• PROVIDED MATERIAL:
[Start of Attachment]
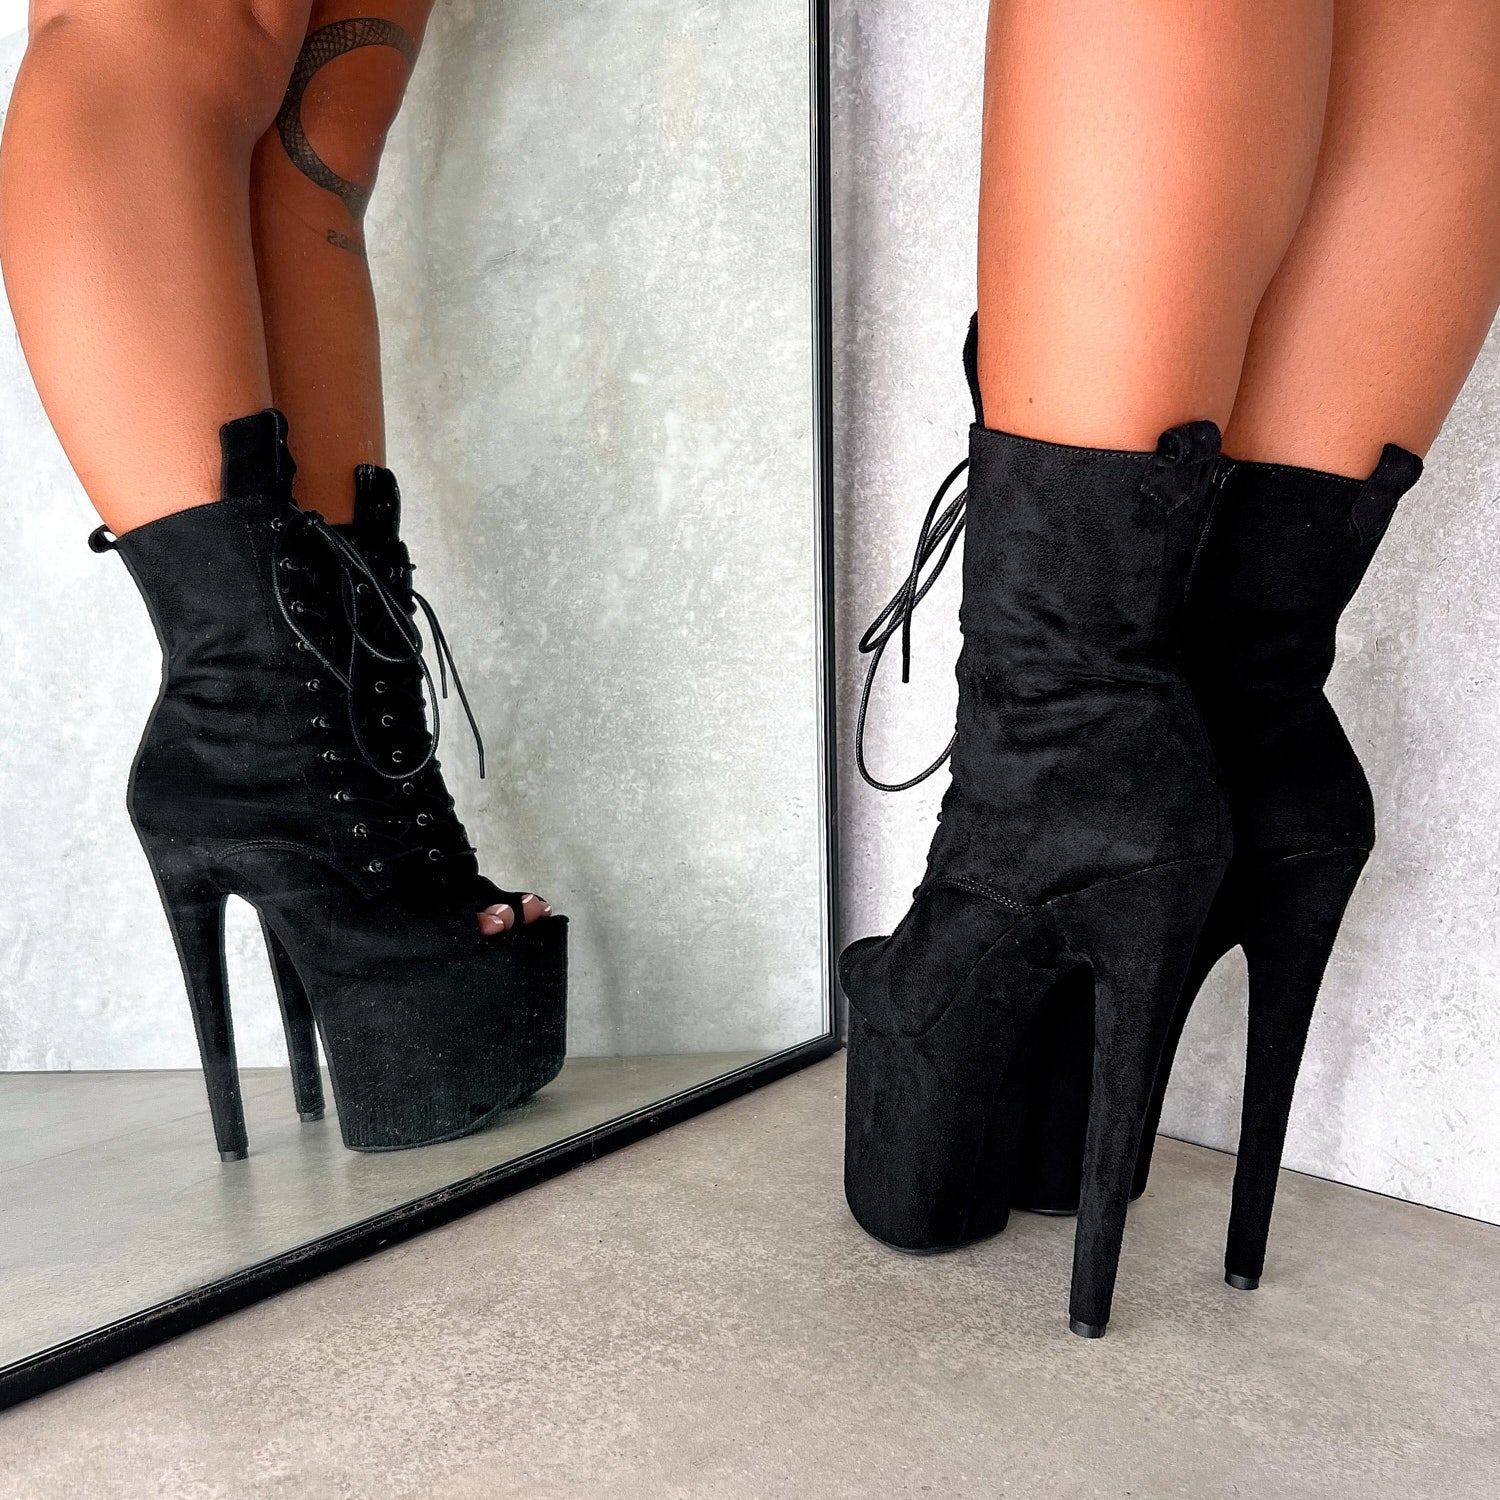 BabyDoll Black Open Toe Wide Fit - 8 INCH, stripper shoe, stripper heel, pole heel, not a pleaser, platform, dancer, pole dance, floor work
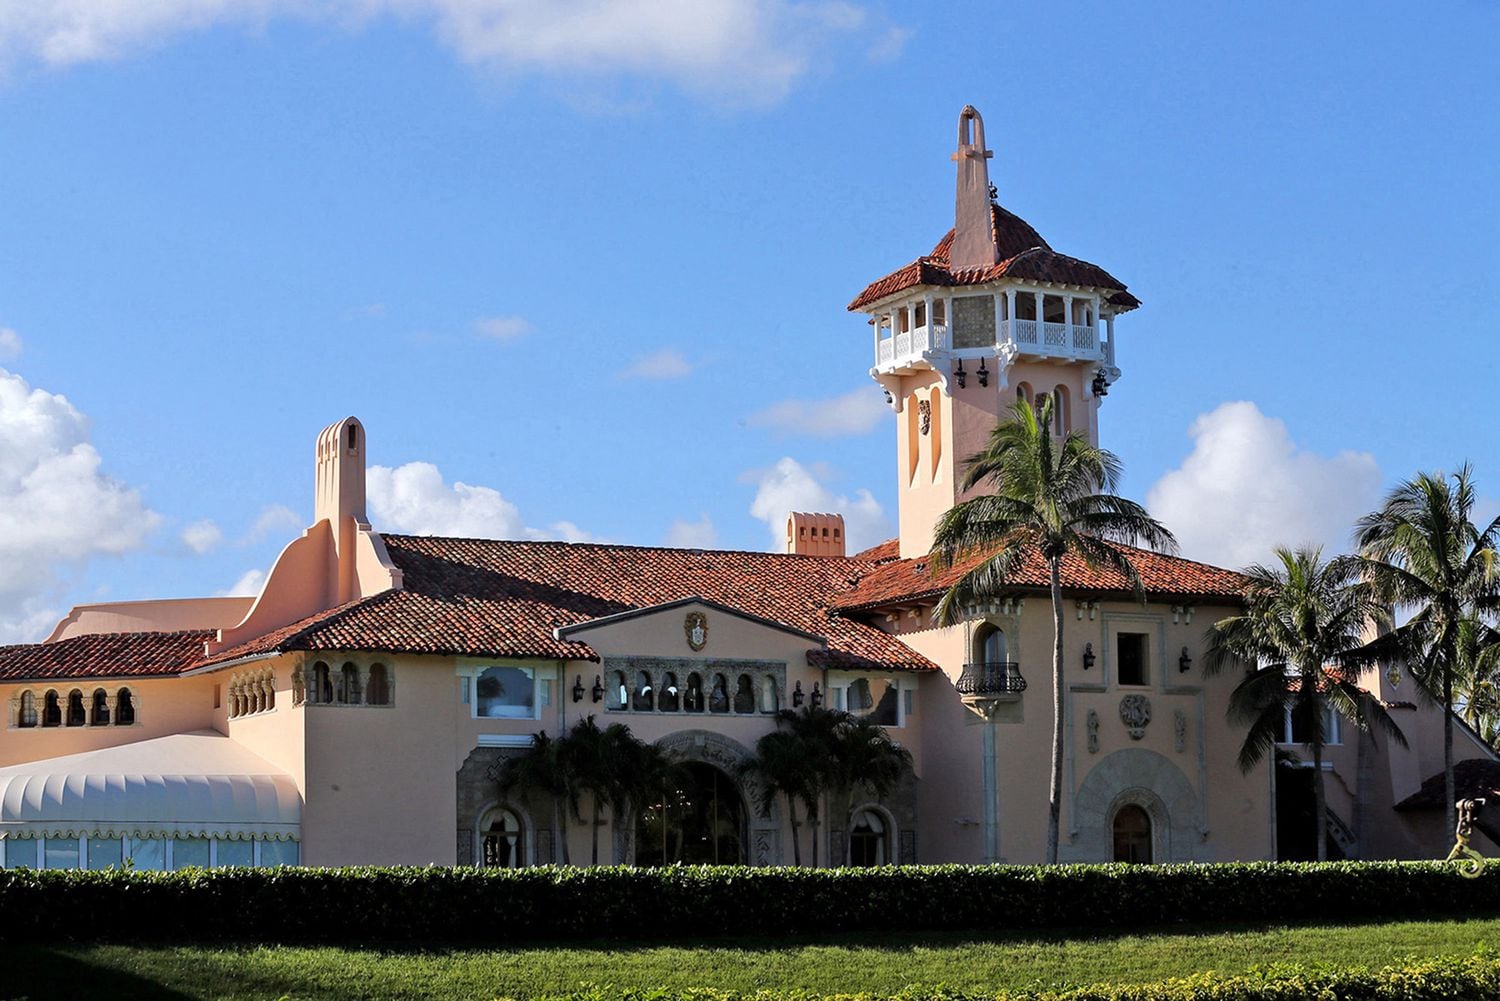 “Donald Trump nunca sale de este lugar ni de su campo de golf. Tampoco sale a cenar a casa de nadie", nos explica Laurence Leamer, residente de Palm Beach, cronista y escritor especializado en política y sociedad estadounidense.
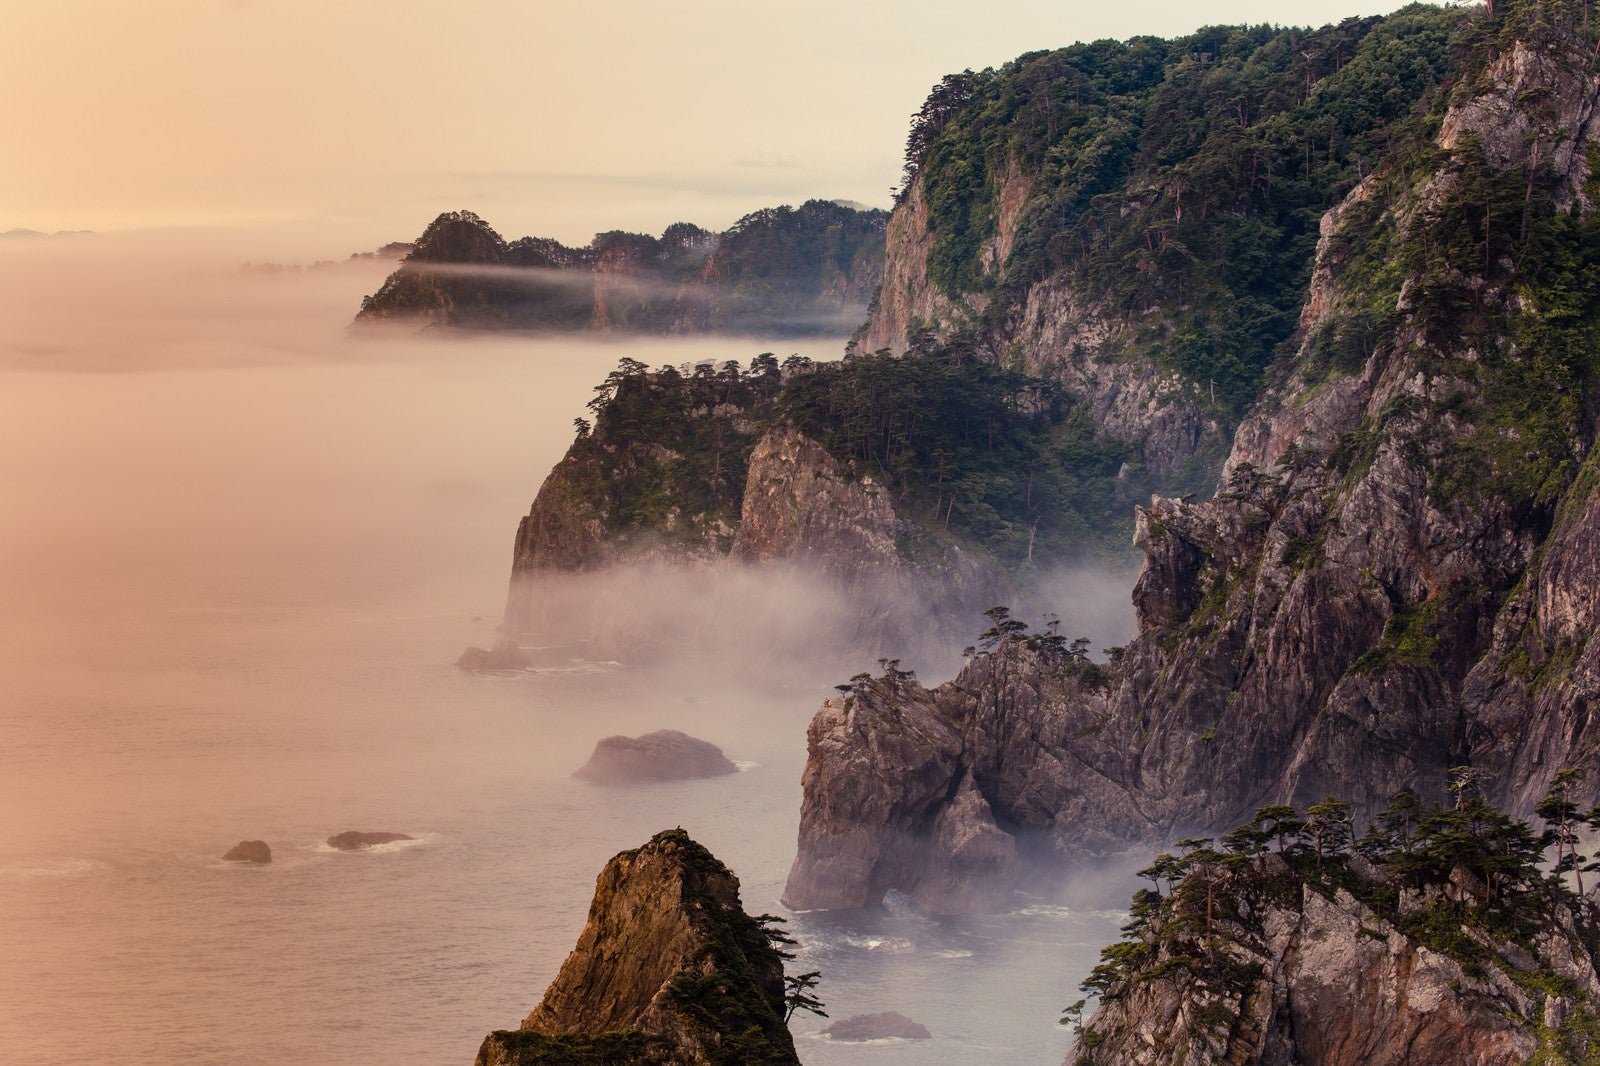 「朝霧残る北山崎の夜明け」の写真
[End of Attachment]
• PROBLEM DETAILS:
Each line from the one that contains "y sociedad estadounidense." to the end of the listing must be quoted exactly; no other line and no picture belongs in the copy.

• ANSWER BOX:
 “Donald Trump nunca sale de este lugar ni de su campo de golf. Tampoco sale a cenar a casa de nadie", nos explica Laurence Leamer, residente de Palm Beach, cronista y escritor especializado en política y sociedad estadounidense.
 「朝霧残る北山崎の夜明け」の写真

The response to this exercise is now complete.